Ѳедосья танцевала съ высокимъ парнемъ, лицо котораго носило отпечатокъ доброты, но, вмѣстѣ съ тѣмъ, и рѣшительности. Это былъ Ѳедоръ Король, ея любовникъ.
Вслѣдъ за мною, къ корчмѣ подъѣхалъ, верхомъ на лошади, молодой сосѣдній помѣщикъ Бардіу. Замѣтивъ Ѳедосью между другими танцующими, онъ соскочилъ съ коня и сталъ съ ней любезничать.
Ѳедоръ оставался, повидимому, спокоенъ, но ясно было видно, что онъ сердился; а когда красавица стала отвѣчать веселымъ смѣхомъ на любезности молодаго помѣщика, Ѳедоръ почти выбѣжалъ изъ корчмы, схватившись за ножъ, висѣвшій на его поясѣ.
Бардіу протанцовалъ даже съ Ѳедосьей и подарилъ ей красивый платокъ, который тутъ же купилъ у корчмарки, содравшей съ него истинно жидовскую цѣну. Затѣмъ онъ вскочилъ на лошадь и уѣхалъ, а Ѳедосья подошла къ окну и долго провожала его глазами.
Въ эту минуту подошелъ къ ней незамѣтно возвратившійся Ѳедоръ и съ силой схватилъ ее за руку.
— Что съ тобой? оставь, мнѣ больно! вскричала та съ испугомъ.

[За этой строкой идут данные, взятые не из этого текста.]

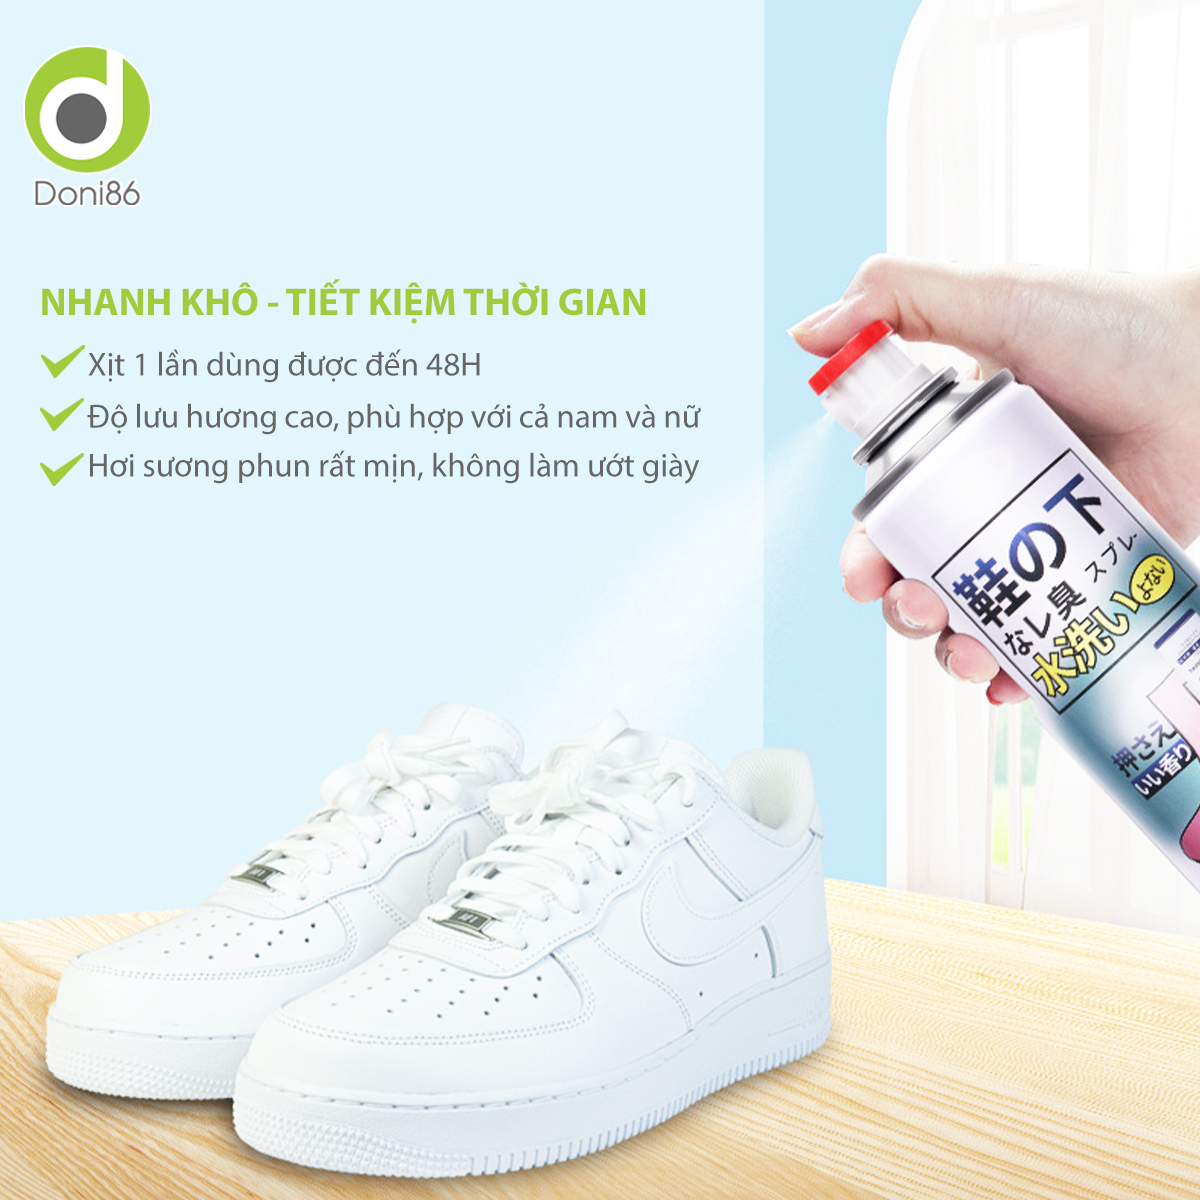 Bình xịt ngăn ngừa mồ hôi, vi khuẩn cho đôi giày của bạn, hương thơm mát - Doni - DOPK358
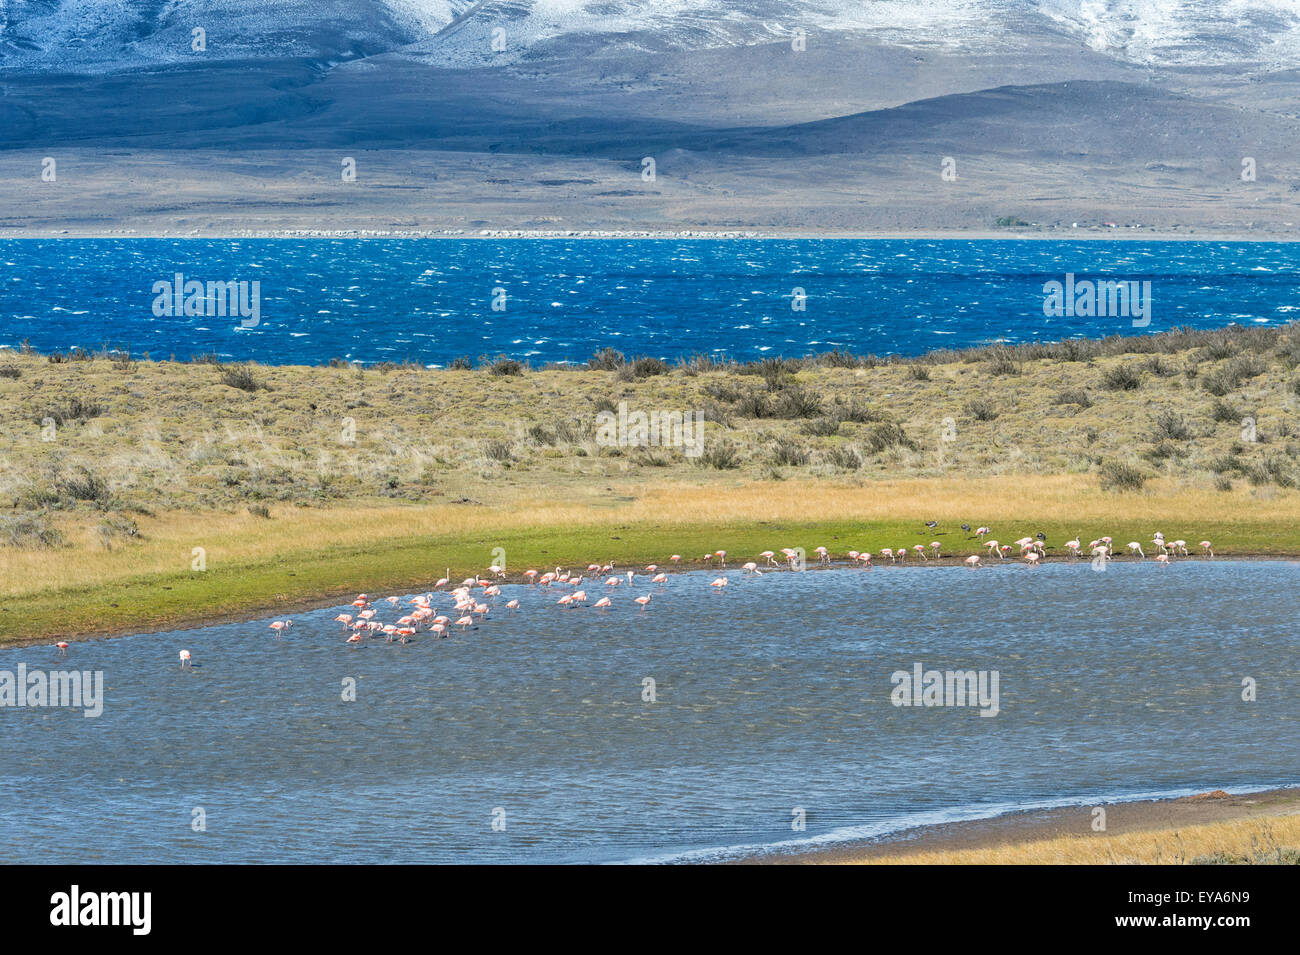 Les flamants du Chili (Phoenicopterus chilensis), dans le Parc National Torres del Paine, Patagonie chilienne, Chili Banque D'Images
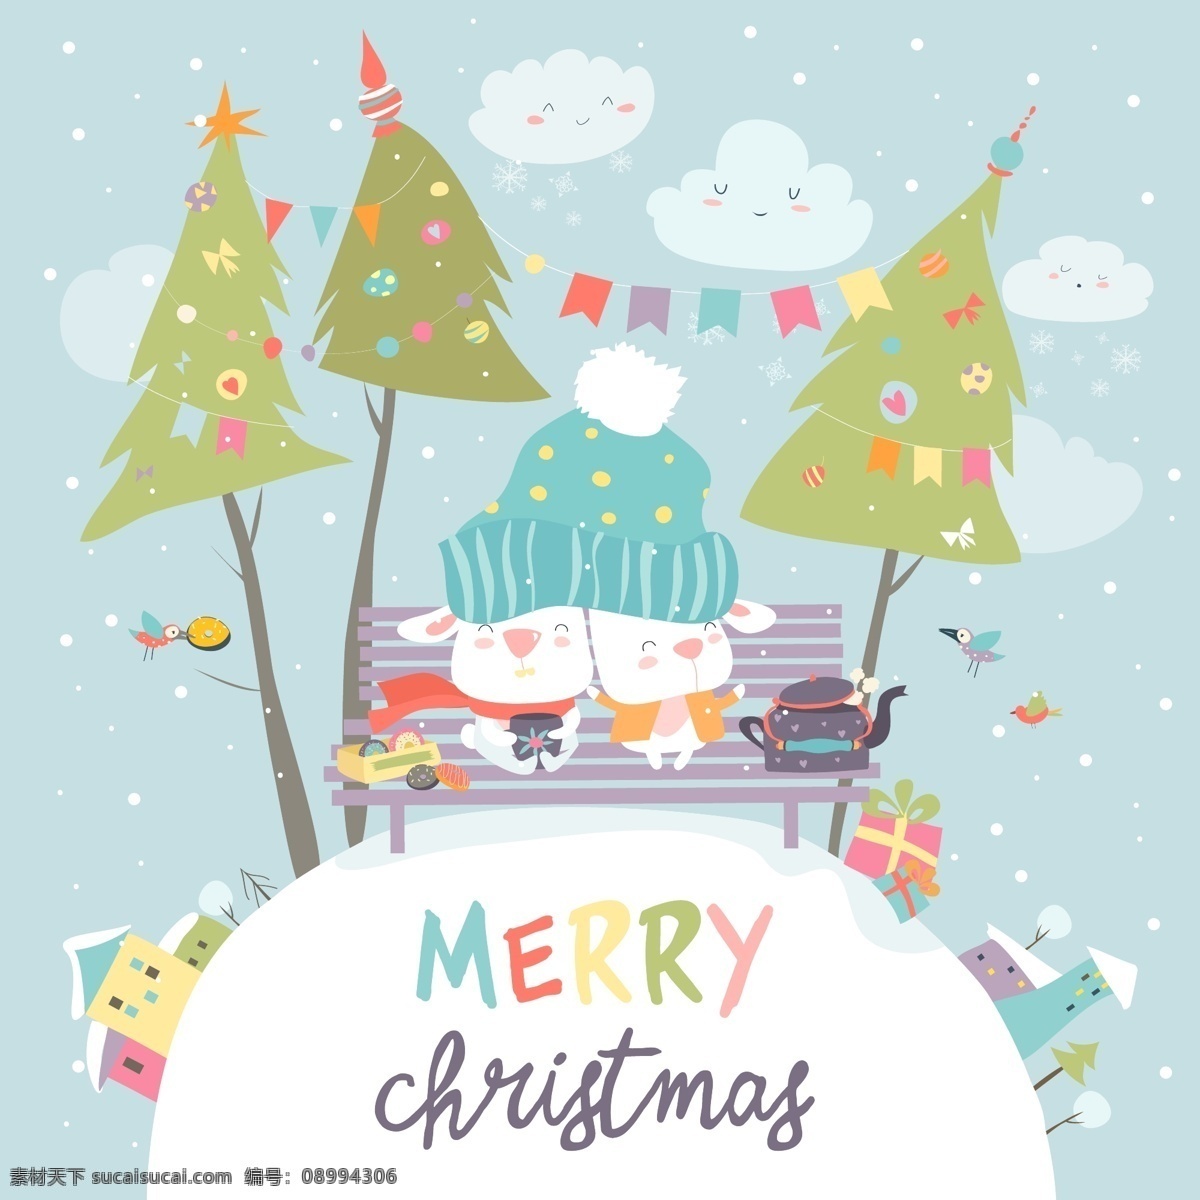 卡通 圣诞树 树木 礼物 卡通礼物素材 卡通圣诞树 卡通素材 礼物素材 免抠素材 矢量插图
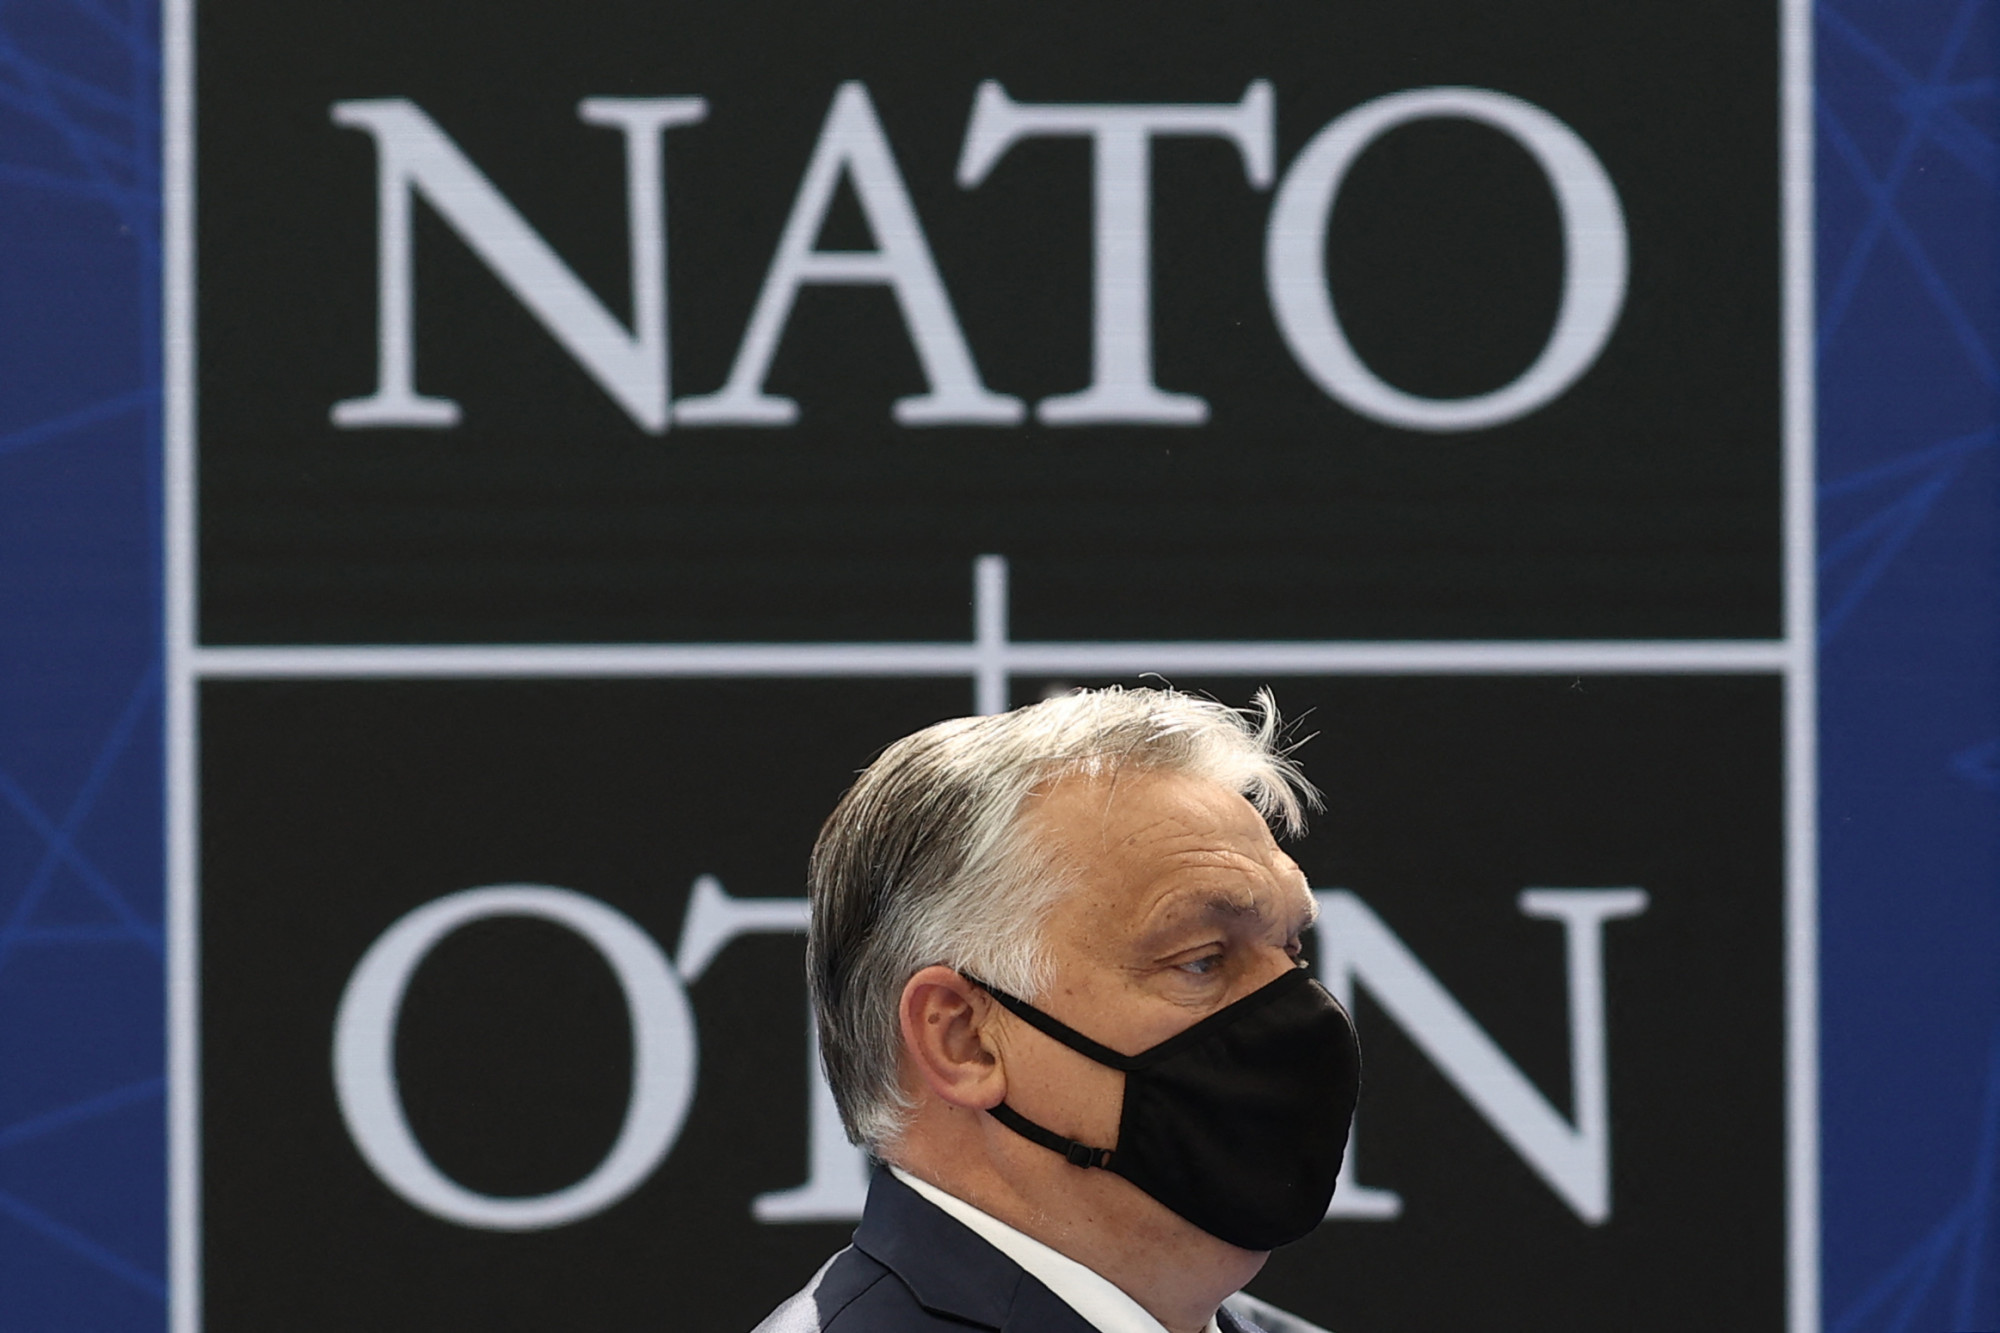 A NATO nem a biztonságunkat garantálja, hanem veszélyt jelent Magyarországra - írja a Magyar Nemzet

— Я убью тебя, если замѣчу еще разъ, что ты съ нимъ разговариваешь!
— А тебя повѣсятъ, возразила Ѳедосья, уже опомнившись отъ испуга и гордо поднявъ голову.
— О, не доводи меня до отчаянія! умоляющимъ тономъ прошепталъ Ѳедоръ.
— Что же я сдѣлала? съ раздраженіемъ произнесла дѣвушка. Мнѣ ужь нельзя ни съ кѣмъ говорить?….. Запретить ты мнѣ не можешь — такъ и знай это.
Ѳедоръ опустилъ глаза и не отвѣчалъ ни слова, а она весело разсмѣялась, обняла его и звучно поцѣловала.
Мѣсяца два спустя, я бродилъ съ неразлучнымъ ружьемъ и незамѣтно дошелъ до Обѣльницкаго замка. Садъ замка выходилъ на дорогу и въ немъ гуляла молодая женщина, красоту которой еще болѣе увеличивалъ роскошный костюмъ зеленаго бархата. Лицо этой красавицы, ея изящная фигура, роскошныя бѣлокурыя косы показались мнѣ знакомы, но кто она — припомнить я не могъ.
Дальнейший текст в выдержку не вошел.